Don't Allow Dirty Air to Be the Victor

Strengthening air quality standards will spur long overdue beneficial change, despite what polluters claim

Widely reported statements from industry lobbyists suggest that the Environmental Protection Agency's (EPA) proposal to improve air-quality standards spells economic doom.

In fact, strengthening air-quality standards to prevent respiratory illness, tens of thousands of premature deaths, and billions of dollars in medical expenses may help bring about long overdue common-sense changes that will prove economically beneficial in the long run.

(The EPA recently extended its deadline to March 12 for public comments on its proposal. People can call 1-888-TELLEPA, toll-free, to make their views known.)

Already some progress

We can provide energy for homes, business, and transportation with far less pollution than we do now. Some cities have already begun switching their bus fleets to natural gas, and many power plants now use alternative fuels or support energy-efficiency improvements.

Changes such as these will help us meet the new standards and develop a more economically resilient energy strategy over the long term.

Nevertheless, 26 years after the Clean Air Act became law, we still allow most trucks and buses to belch diesel fumes into the air and tolerate uncontrolled pollution from huge Midwestern coal-burning power plants.

Polluters have used the inadequate current standards to avoid needed changes.
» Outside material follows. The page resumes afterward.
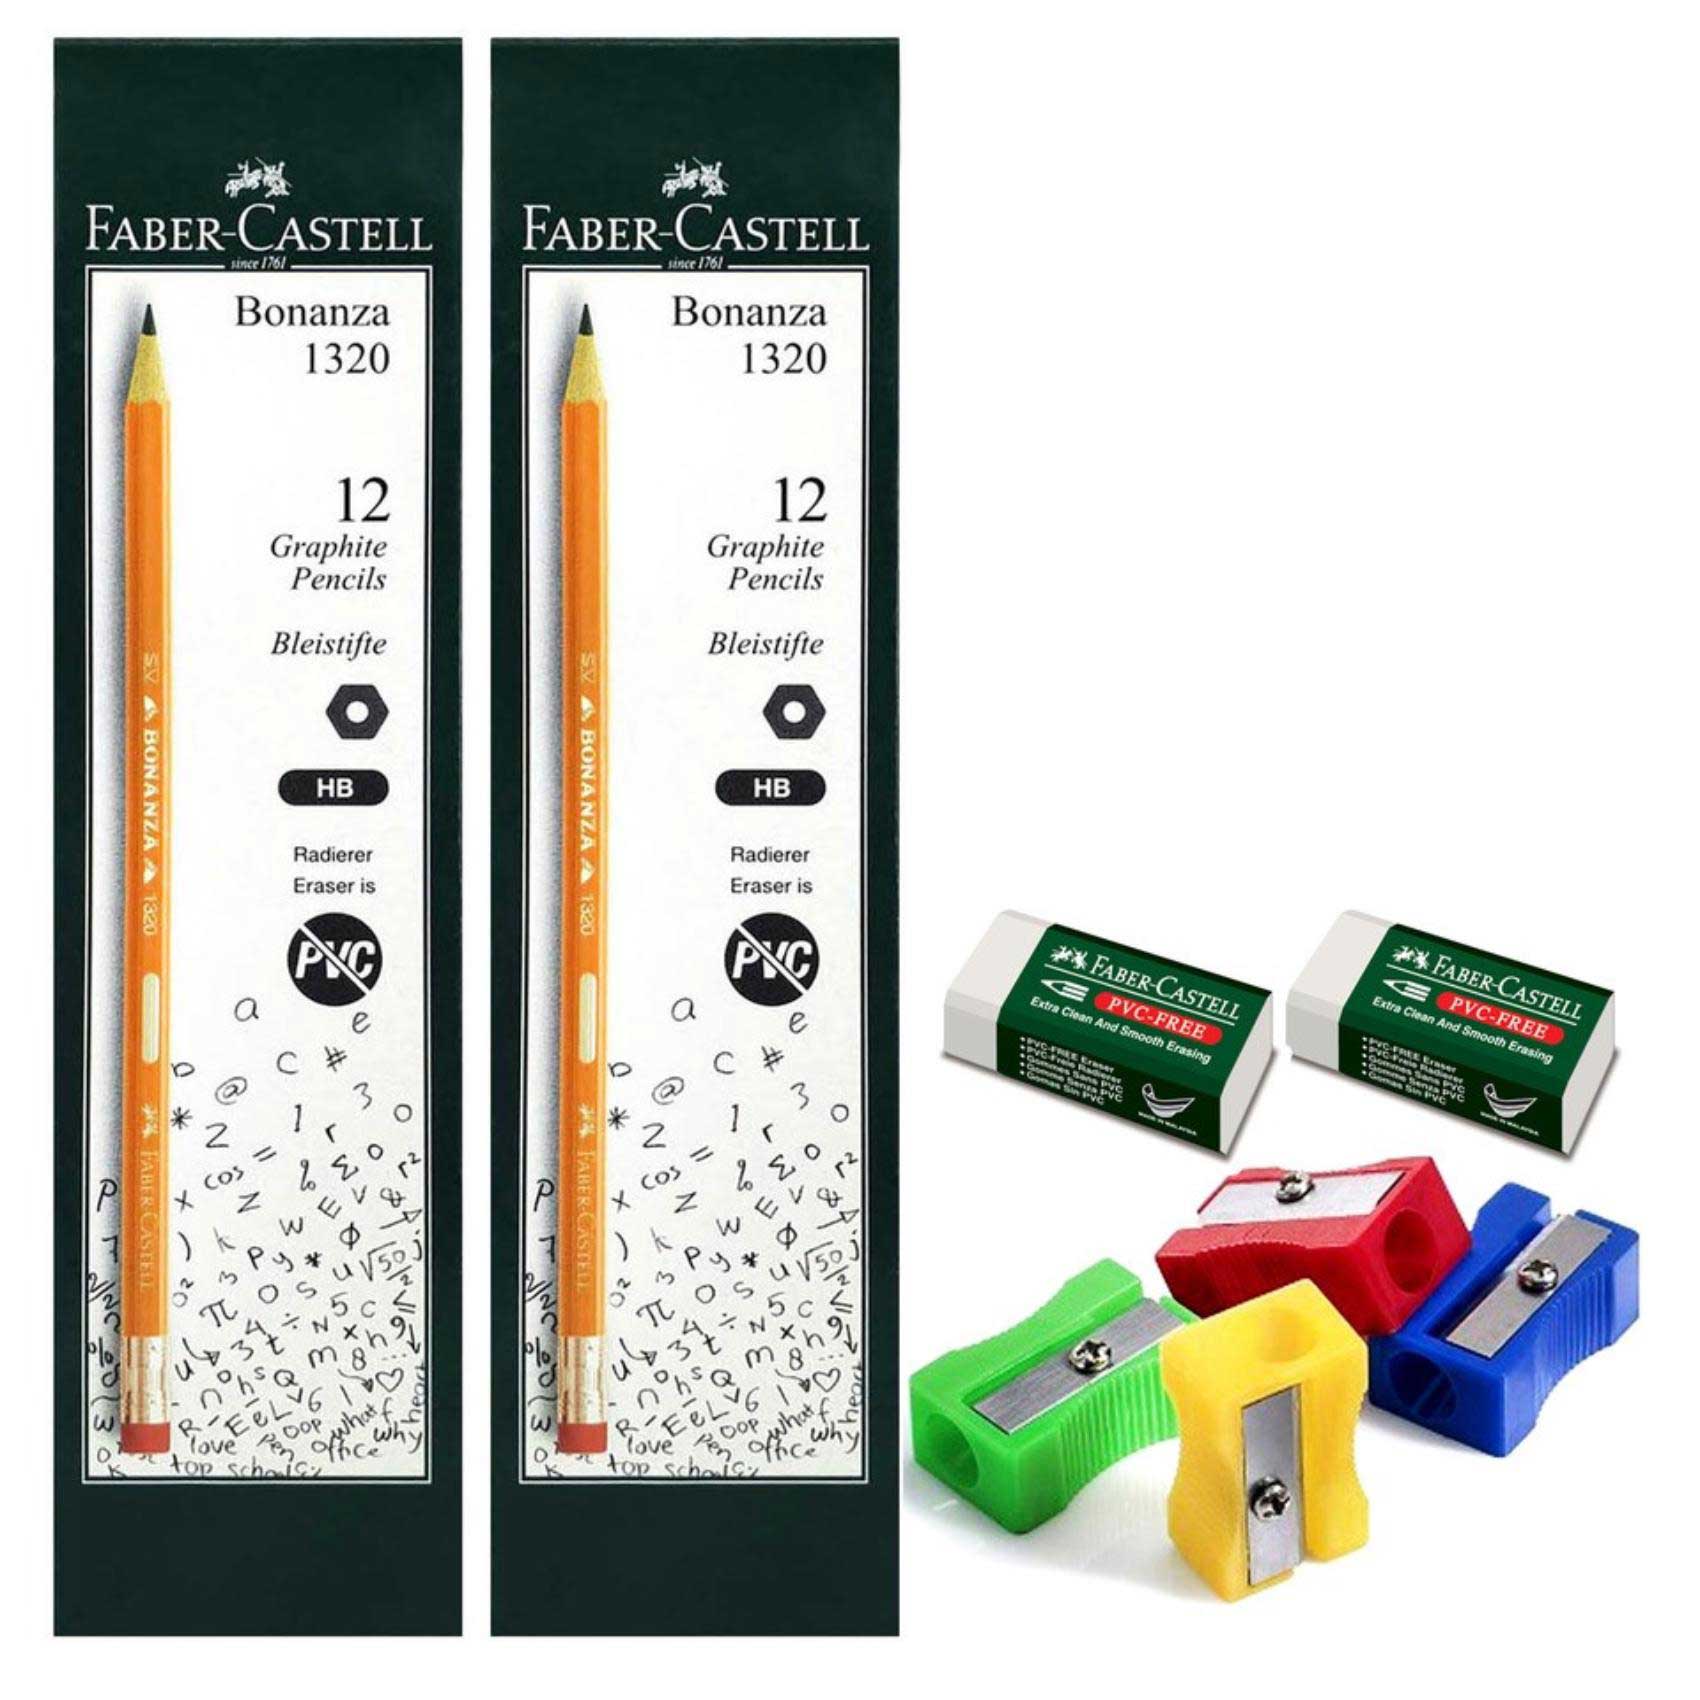 Faber-Castell Bonanza 1320 HB Pencil Set 24 PCS with Eraser 2 PCS and Sharpener 4 PCS Multicolour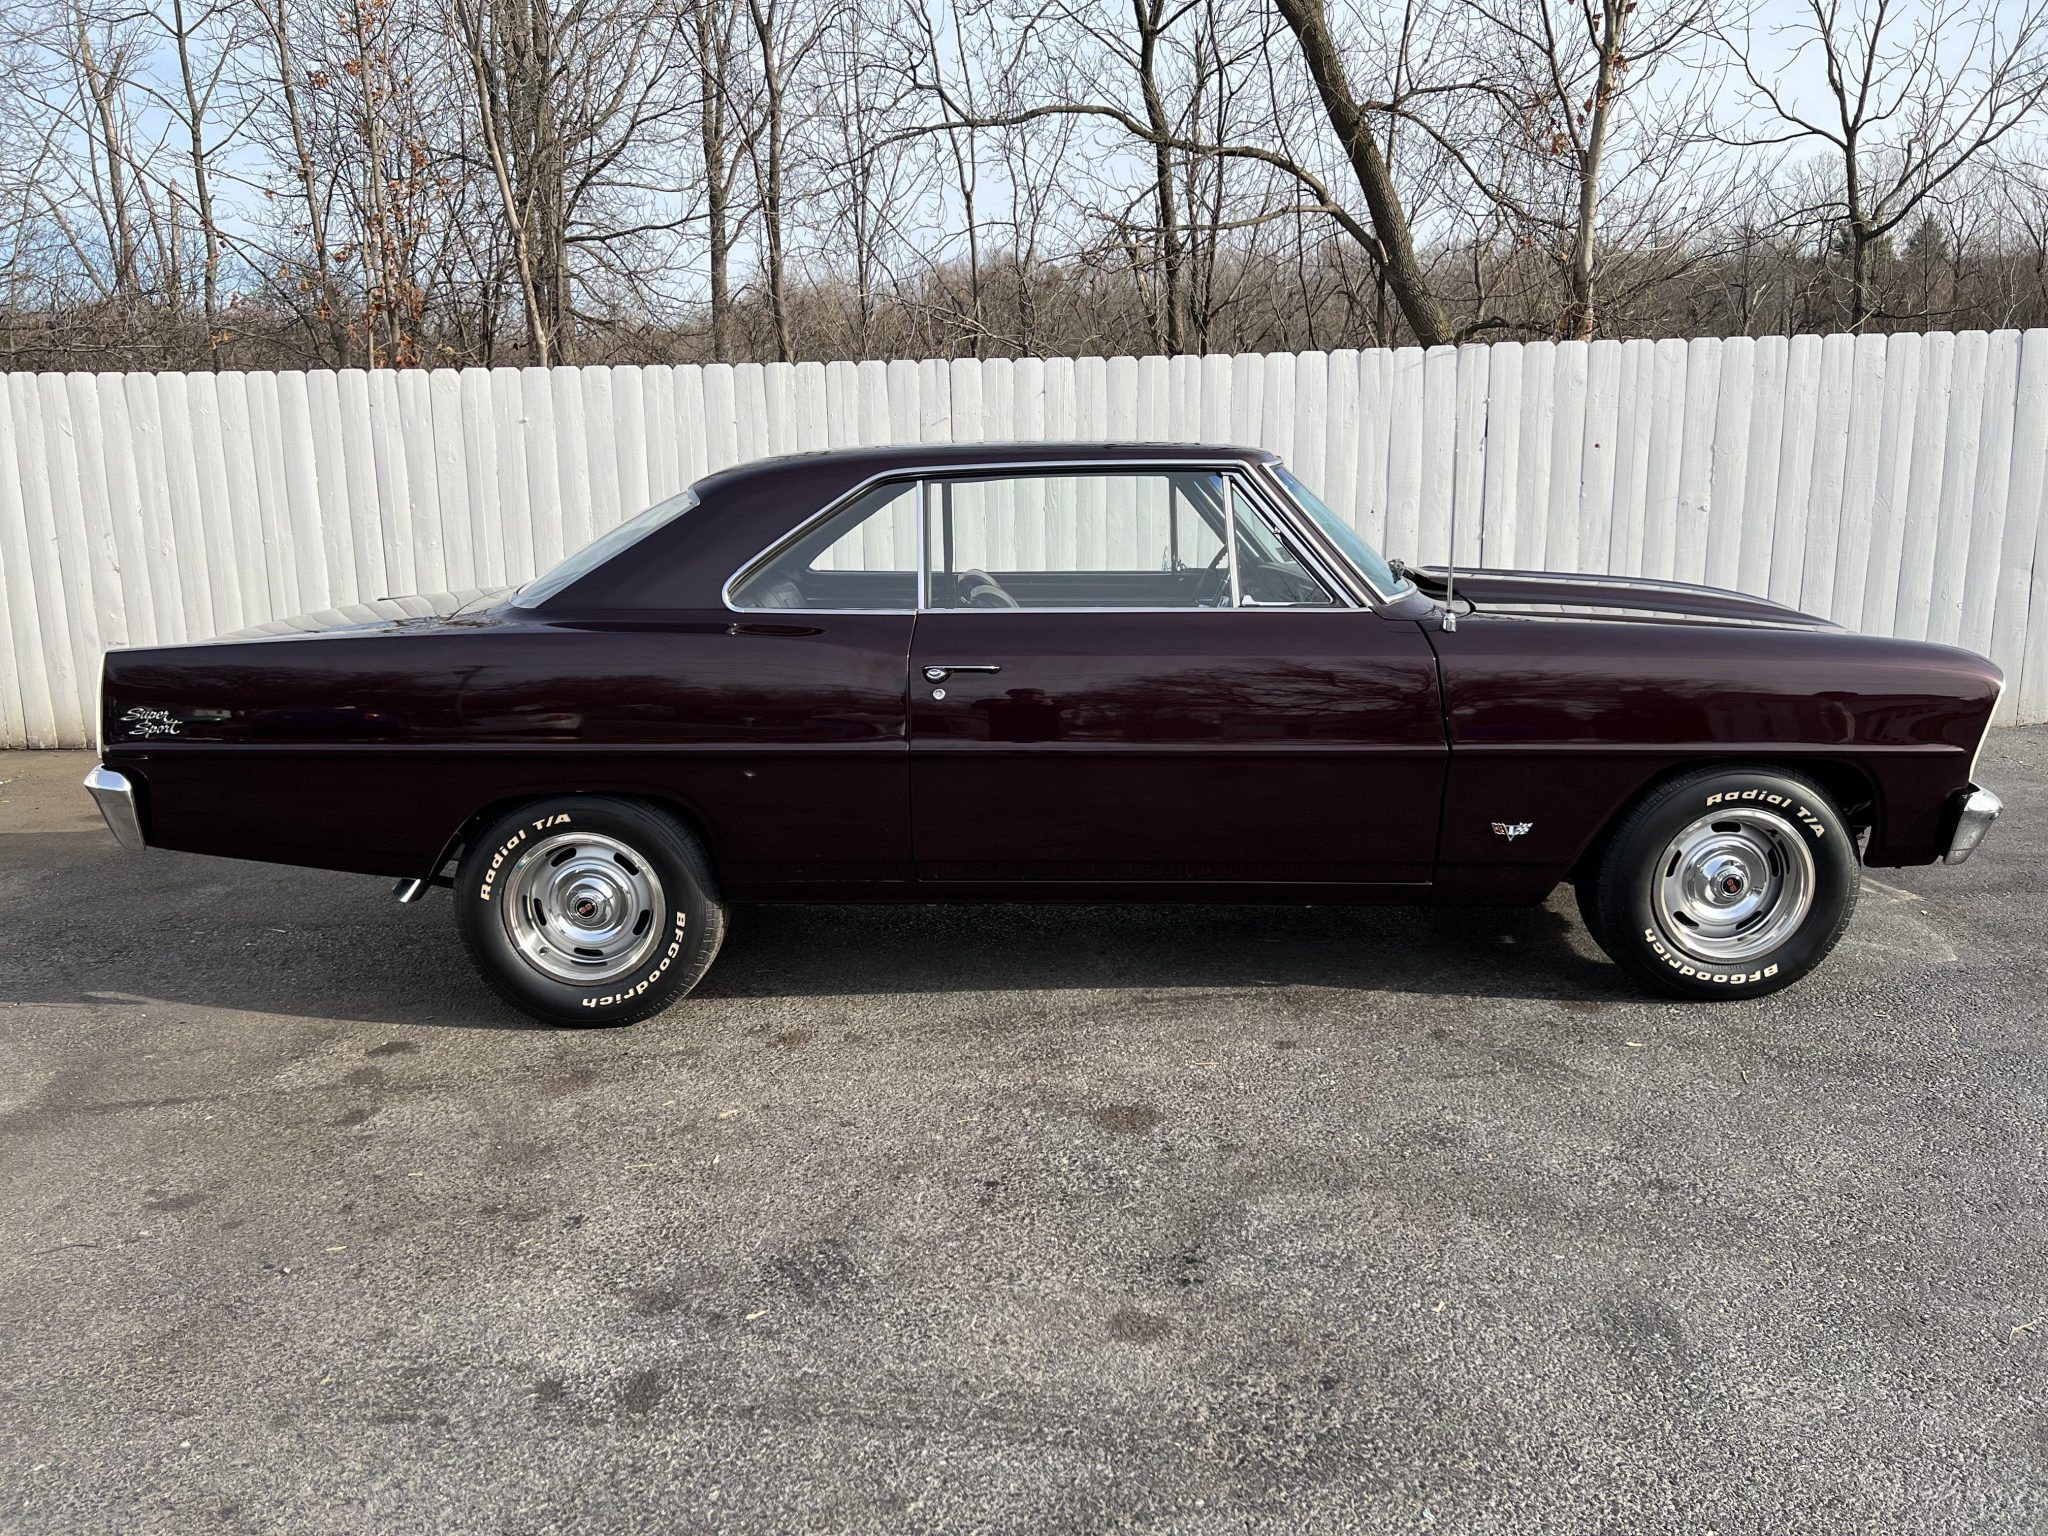 1966-1967 Chevrolet Nova (Second Generation) side view

For example, electric utility lobbyists convinced officials in Pennsylvania not to support strict nitrogen oxide emissions reduction requirements by arguing that local air may meet current standards.

Since the polluters have persuaded many state legislatures to pass laws forbidding officials from going beyond federal minimum standards, efforts to protect people from harmful pollution levels have been stalled. People are being told, in effect, that the government already protects their health when it does not.

This charade harms efforts to clean up unhealthful East Coast air. New York, for example, receives significant amounts of pollution from large power plants in western Pennsylvania and the Midwest. New York officials fear that meeting their Clean Air Act obligations may prove futile because of smog from out of state. Because it thinks it's futile, New York fails to meet its cleanup obligations. And this undermines efforts in Massachusetts and Connecticut, recipients of New York's pollution. The polluters have created a dirty snowball effect that depends on keeping the health-based standards dishonest.

Predictably, polluters have claimed that the proposed revision of air quality standards will trigger job losses. But industry costs don't automatically translate into such losses. In fact, pollution-control requirements have caused a small net increase in jobs because they tend to force polluters to hire people to control pollution. Furthermore, we shouldn't equate a polluter's economic interests with those of society as a whole. Polluters often oppose pollution control precisely because they prefer high profits to increased hiring.

Government misled

In addition, polluters' compliance cost estimates tend to grossly mislead government officials. Acid rain controls, for instance, have cost a fraction of the amount EPA and industry officials estimated at the time Congress adopted the sulfur dioxide reduction program.

Studies of older pollution-control programs also have shown that EPA and polluter pre-regulation estimates regularly overstate actual post-regulation compliance costs. The law requires the EPA to write new standards that adequately protect public health. Congress wrote the law this way for a simple reason: We all must breathe and therefore cannot choose to avoid the health problems poor air quality creates.

Industry lobbyists will pressure the EPA to neglect this legal obligation to write new standards that adequately protect public health. They will seek congressional review of the final standards, arguing that the costs of pollution control outweigh the benefits of stricter standards.

Congress and the EPA should realize that the short-term costs will economically benefit some workers and companies with cleaner alternative technologies. In the long run, pollution-reducing investments will benefit the economy as a whole. More important, stricter air-quality standards will remedy ongoing harm to vulnerable children, the elderly, and asthma sufferers.

The EPA and Congress should not allow dirty air to harm millions of people, despite the usual whining from special interests. Strengthening air quality standards will spur long overdue and very beneficial change.

* David M. Driesen is on the faculty of the Center for Global Law and Practice at Syracuse University College of Law.